I shook these solemn thoughts from my mind, casting them away with the last sticky remains of the dream.
“Mother we have been over this.” I said being strong for once.
“Yes I know, but your uncle knows someone and thinks it is best…” I rolled my eyes as I faced the wall getting fresh underwear out of the top drawer. If she had caught me that would have been another lecture.
“No.” I said slamming the drawer shut in an unusual stand against my family. It was as though when I saw that girl in my dream, that other version of me, something in me snapped eight months ago. Just the very sight of her in my mind’s eye sometimes made me strong. It made me want to be more like her in some way. Not the trapped and kidnapped part but the feisty side of her…that’s what I admired. She was strangely like some sort of role model to me, one who unknowingly helped me get through this suppressed life I had been forced into. I didn’t know what I would do if I didn’t have my sister Ariana in my life.

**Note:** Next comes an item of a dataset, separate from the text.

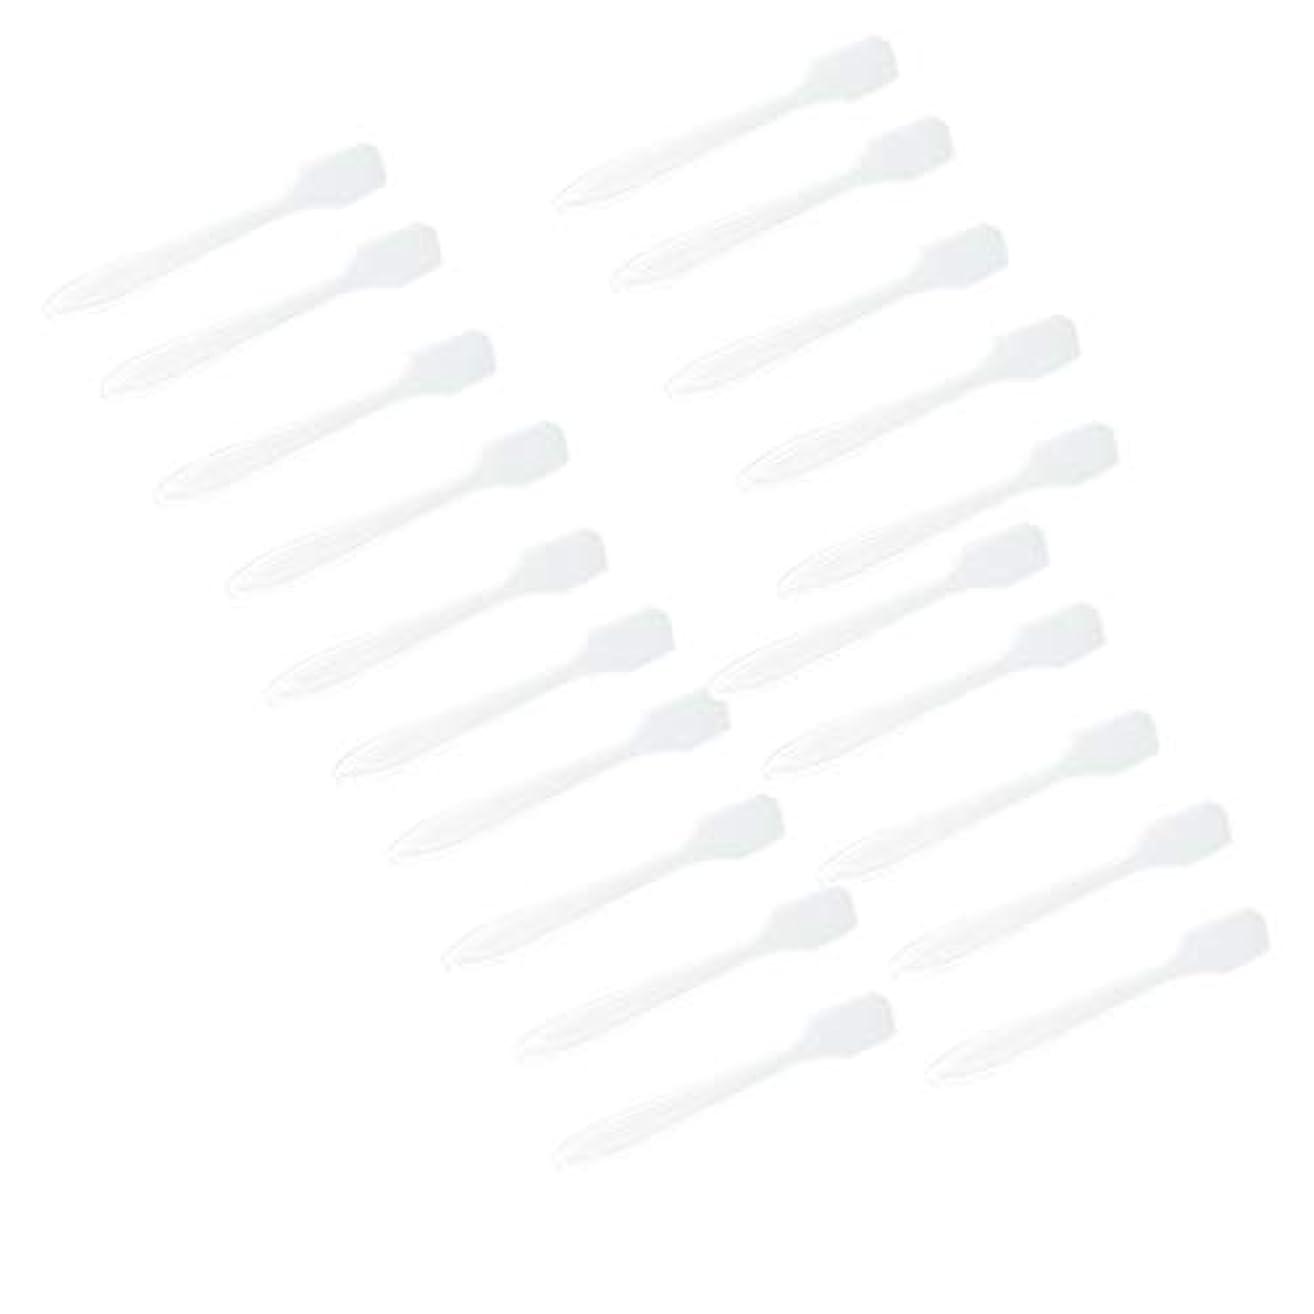 流用する住人希少性5色 100点 フェイシャル クリーム マスクスプーン 化粧品へら 女性美容ツール - クリア

“Now Katie, be reasonable.” I rarely said no to my mother as let’s just say she wasn’t the most forgiving of people and considering how religious she was I always found this surprising.
“I said…”
“I don
’t like your tone Missy. Now I said you are going and that is final or you will have your uncle to answer to and you know his temper.” My mother said and I jumped when she slammed the door and I heard the latch lock into place. This was my family’s answer to most things. Lock me in my room like I was a teenager, not the grown woman I was.
Most of the time I didn’t care as I enjoyed being alone unless Ariana was the one sneaking into my room. No, it just meant that I was given the time needed to analyse my dreams in peace. Not that this particularly helped as I could never fully understand the meaning of them but I felt like I owed it to her to at least try. It was strange the way I thought about her as a real person and not just another side to myself. I knew it was crazy but it was like looking in the mirror and pretending your reflection is some other person living a better version of your life.
Apart from looks we had very little else in common. She was beautiful and reminded me of the goddesses we had been taught about in class. Although I would switch off in our teachings when they said to shun such creatures as beauty only brought trouble.
Well I guess they weren’t wrong if my cousin was anything to go by, I thought bitterly. It wasn’t as if I was jealous, far from it as I preferred to have a warm heart and kind soul over beauty any day and as my sister often told me, I was blessed with both. I would only blush and laugh the compliment away like I did most things. But oh what it would feel like to be more like the girl in the mirror. For a start, what would it feel like to have those captive hands holding me instead of her?